While surfing the Chrome source code I've found an interesting utility library for handling DOM Level 2 tests in XHTML. The author of this small library is the W3C, though no documentation nor commented description has been provided in the source. The Chrome team has further extended it by adding some code at the end of the file. There are a few comments here and there that should indicate the purpose of each component. After viewing the code, this resource looks more a collection of components than a complete library. However, there are some components that catch the eye for their usefulness. For example:
function EventMonitor() { this.atEvents = new Array(); this.bubbledEvents = new Array(); this.capturedEvents = new Array(); this.allEvents = new Array(); } EventMonitor.prototype.handleEvent = function(evt) { switch(evt.eventPhase) { case 1: monitor.capturedEvents[monitor.capturedEvents.length] = evt; break; case 2: monitor.atEvents[monitor.atEvents.length] = evt; break; case 3: monitor.bubbledEvents[monitor.bubbledEvents.length] = evt; break; } monitor.allEvents[monitor.allEvents.length] = evt; }
This object, called EventMonitor
, use the DOM Level 2 property eventPhase
of the Event
object to check what's the current state of an event during event phases. This should be the standard way to handle such situations, but, unfortunately, Internet Explorer 8 and lower doesn't support the above code, having a completely different event implementation.

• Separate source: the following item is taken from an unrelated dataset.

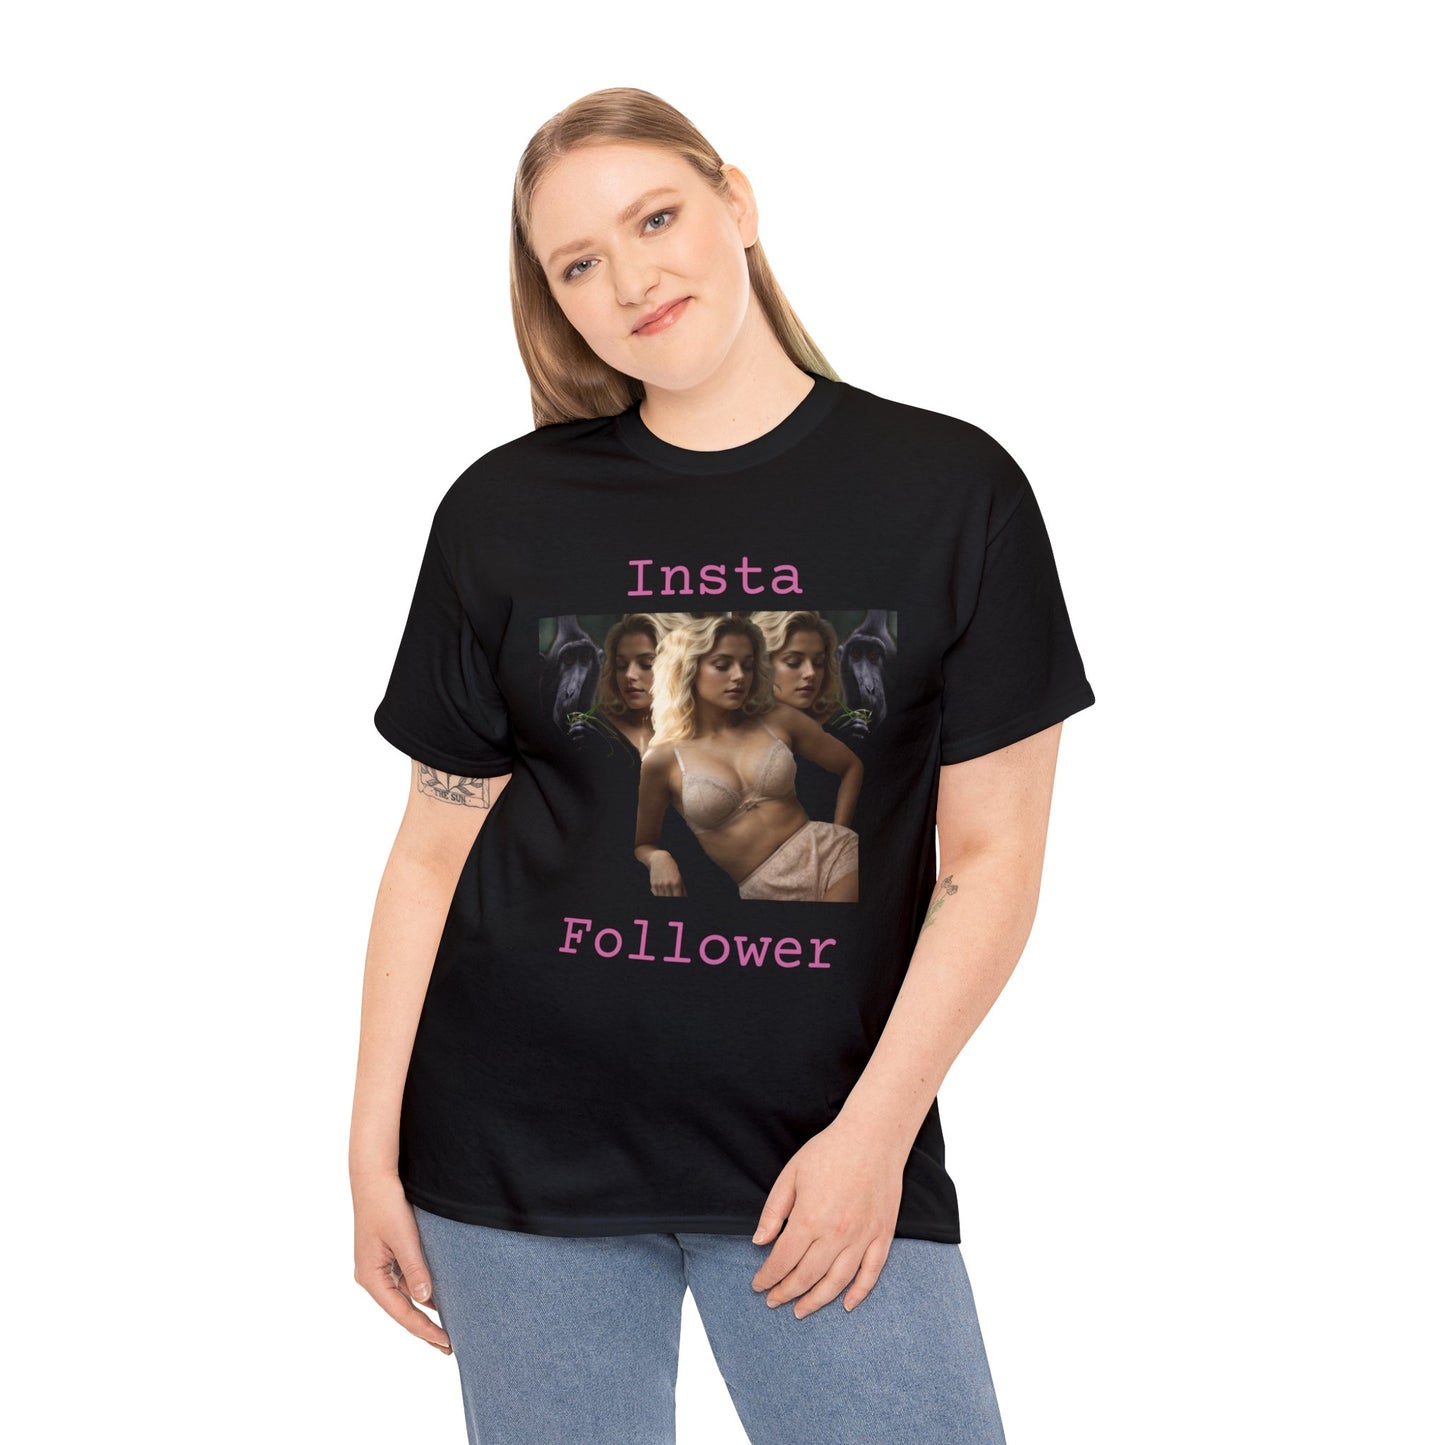 Insta Follower II - Hurts Shirts Collection

Another object, called HTMLBuilder
, features an interesting method to clone various node types:
HTMLBuilder.prototype.cloneNode = function(srcNode, doc) { var clone = null; switch(srcNode.nodeType) { // // element case 1: clone = doc.createElementNS(srcNode.namespaceURI, srcNode.nodeName); var attrs = srcNode.attributes; for(var i = 0; i < attrs.length; i++) { var srcAttr = attrs.item(i); clone.setAttributeNS(srcAttr.namespaceURI, srcAttr.nodeName, srcAttr.nodeValue); } var srcChild = srcNode.firstChild; while(srcChild != null) { var cloneChild = this.cloneNode(srcChild, doc); if (cloneChild != null) { clone.appendChild(cloneChild); } srcChild = srcChild.nextSibling; } break; case 3: clone = doc.createTextNode(srcNode.nodeValue); break; case 4: clone = doc.createCDATASection(srcNode.nodeValue); break; case 5: clone = doc.createEntityReference(srcNode.nodeName); break; case 7: clone = doc.createProcessingInstruction(srcNode.target, srcNode.data); break; case 8: clone = doc.createComment(srcNode.nodeValue); break; } return clone; }
It simply clones element nodes, text nodes, CDATA section nodes, entity nodes, PIs nodes and comment nodes. This can be considered as the basic algorithm behind the DOM Level 2 method cloneNode()
, which also accepts a Boolean flag indicating whether events should be cloned as well.
In short, this resource features some interesting things that should be further investigated and studied, especially if you want to get a clear idea of how DOM testing should be handled in a standard, W3C-compliant way.